Differences between registered companies and partnerships:
The basic differences between registered companies and partnerships are as follows:
Registration is the legal pre-requisite for the formation of a registered company: Fort Hall Bakery Supply Co v Wangoe (1).
The Partnership Act does not prescribe registration as a condition precedent to partnership formation. A partnership may therefore be formed informally or, if the partners deem it prudent, in writing under a Partnership Deed or Articles.
(b) Legal Status
A registered company enjoys the legal status of a body corporate which is conferred on it by the Companies Act.

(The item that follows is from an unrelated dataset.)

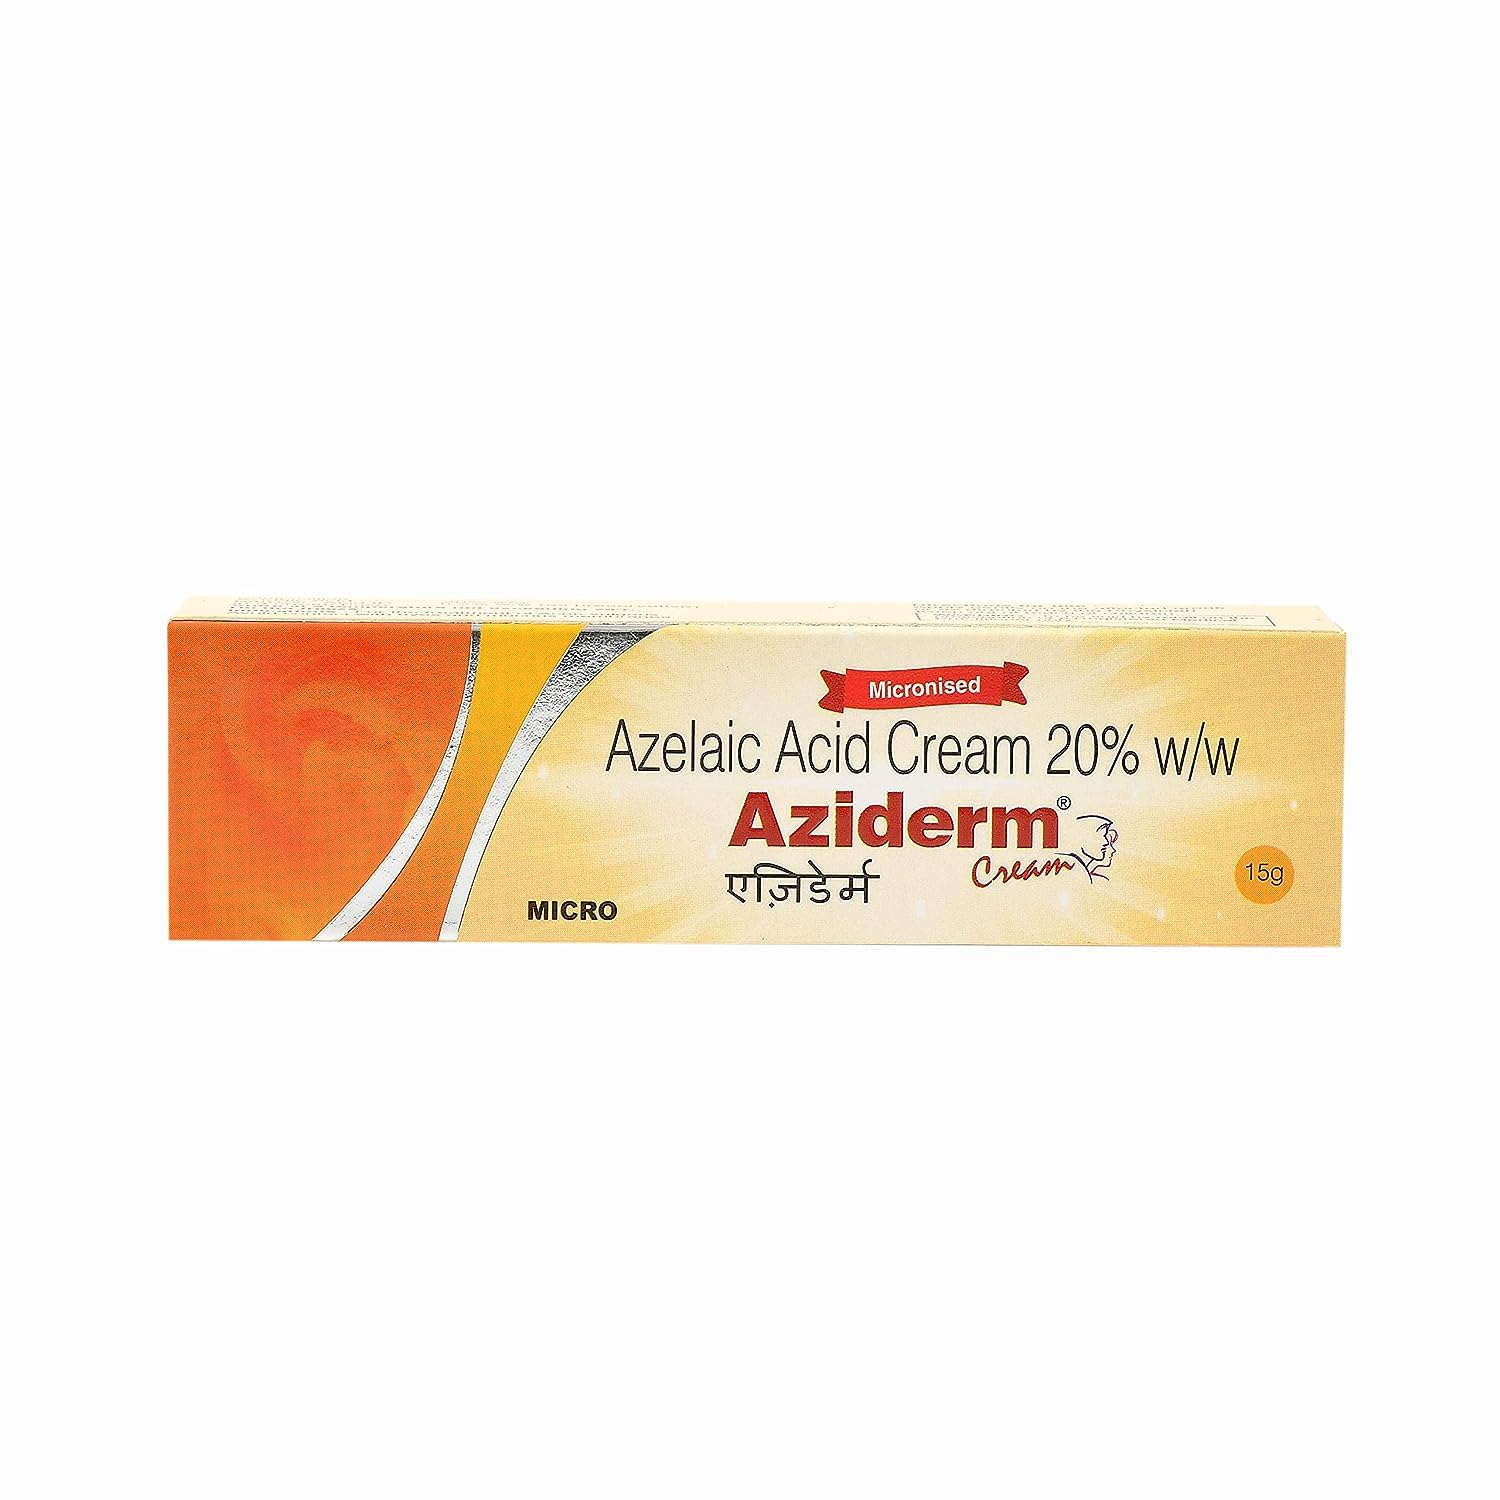 Aziderm 20% cream (15gm)

A partnership is not a body corporate and is non-existent in the contemplation of the law. Such business as appears to be carried on by it is in fact carried on by the individual partners.
(c) Number of Members
A registered private company must have at least two members under s.4 of the Companies Act and a maximum of fifty members (excluding current and former employees of the company who are also its members), under s.30 of the Act. A public registered company must have at least seven members under s.4 of the Companies Act but without a prescribed upper limit. A partnership cannot consist of more than 20 partners.
(d) Transfer of Shares
Shares in a registered company are freely transferable unless the company's articles incorporate restrictive provisions.
A partnership has no shares as such but a partner cannot transfer his interest in the firm to a third party unless all the partners have agreed to the proposed transfer.

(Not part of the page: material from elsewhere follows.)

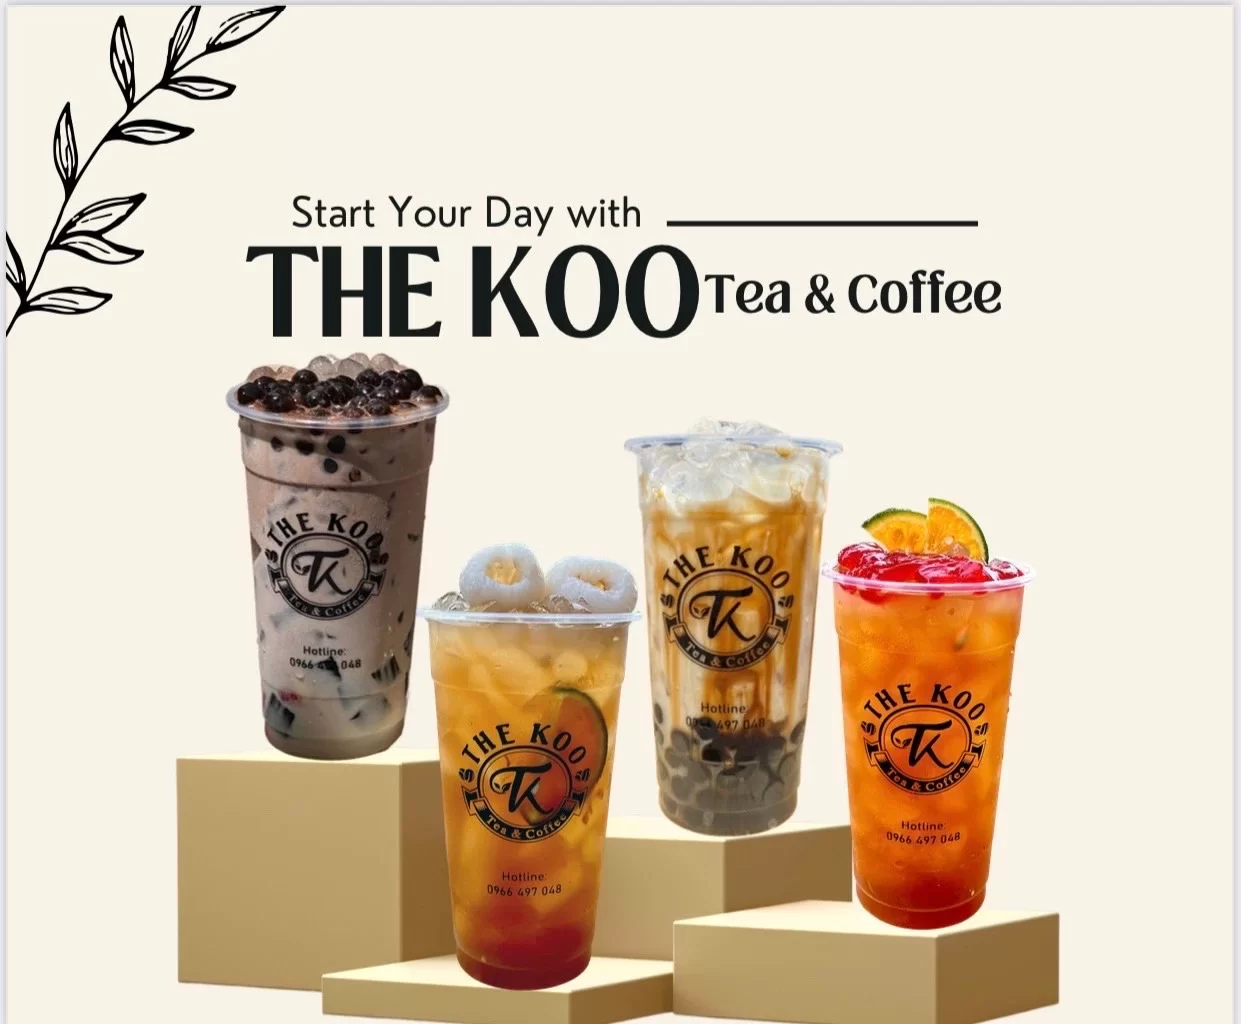 The KOO Tea & Coffee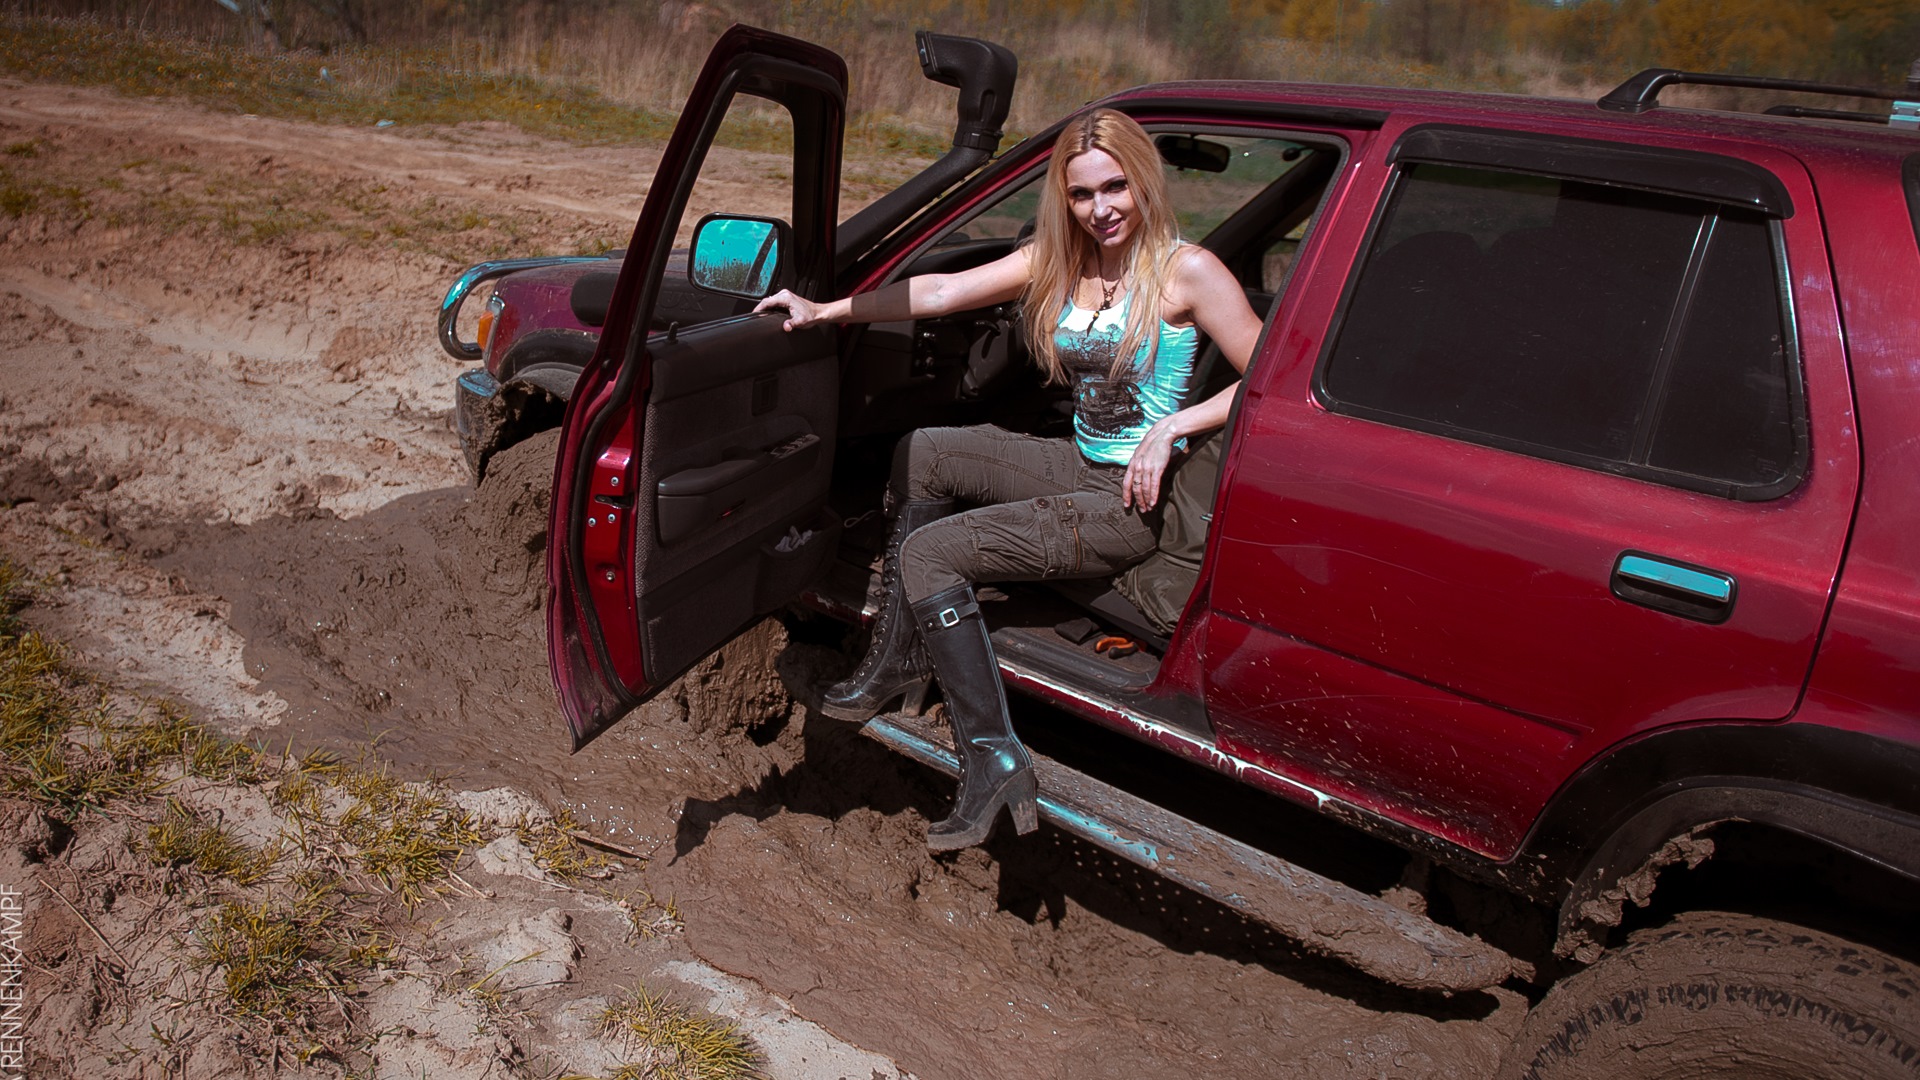 Slideshow dirty jeep girl.

A company's members have no right to participate in the company's day to day management. Such management is vested in the board of directors.
Partners have the right to participate in the firm's day to day management since s.3 of the Partnership Act requires the business to be carried on "in common". The right of participation in the firm's management is however not given to a partner who has limited his liability for the firm's debts.
A member is not, per se, an agent of the company: Salomon v Salomon & Co Ltd (3). A partner is an agent of the firm because the business is carried on "in common" by the partners themselves. The Partnership Act, s.7 also expressly provides that every partner is an agent of the firm and his other partners for the purpose of the business of the partnership.
(g) Liability of Members
A company's member is not personally liable for the company's debts because, legally, they are not his debts.
A partner is personally liable for the firm's debts. This rule has been codified by s.11 of the Partnership Act which provides that "every partner in a firm is liable jointly with the other partners for all debts and obligations of the firm incurred while he is a partner", unless the partner is a limited partner.